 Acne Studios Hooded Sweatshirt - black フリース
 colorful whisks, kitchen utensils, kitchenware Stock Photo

● ● ●

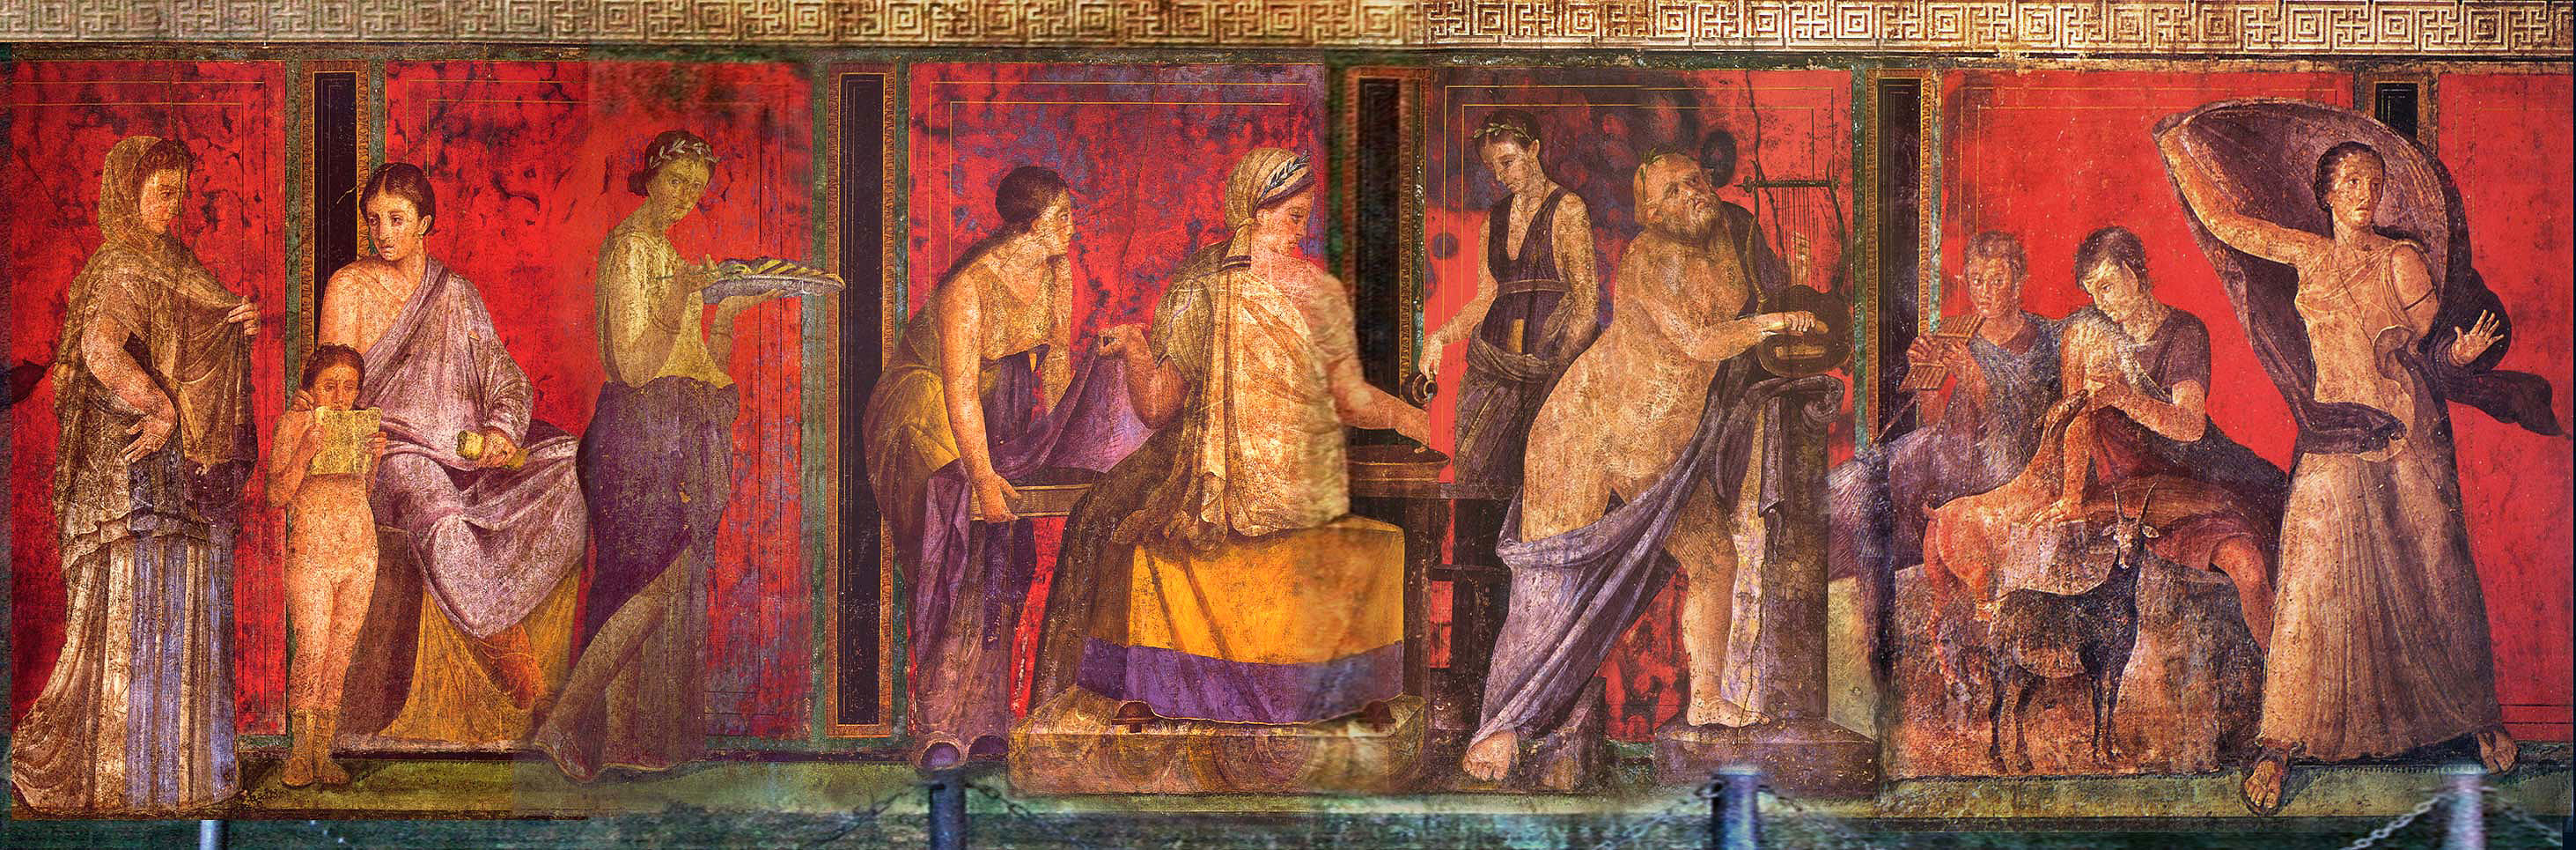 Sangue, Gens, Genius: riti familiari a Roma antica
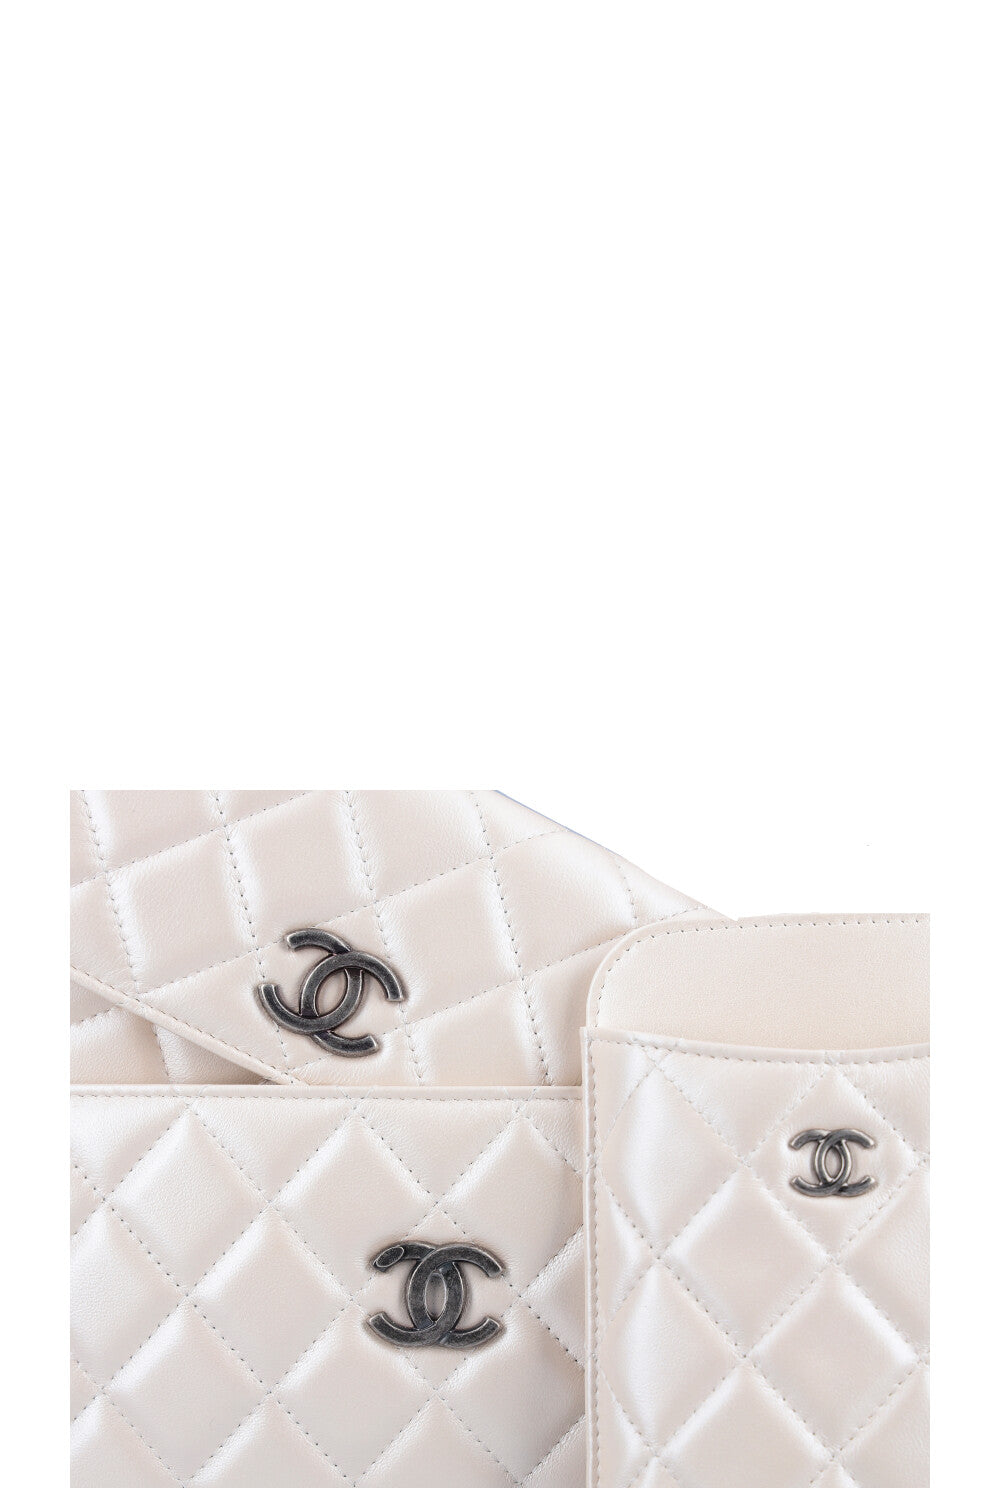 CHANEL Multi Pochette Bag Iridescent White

● ● ●

Reproduce exactly the lines of the records above from the one with "Acne Studios Hooded Sweatshirt - black フリース" to the one with "colorful whisks, kitchen", both included, and leave out everything else.

** Response for this exercise **
 Acne Studios Hooded Sweatshirt - black フリース
 colorful whisks, kitchen utensils, kitchenware Stock Photo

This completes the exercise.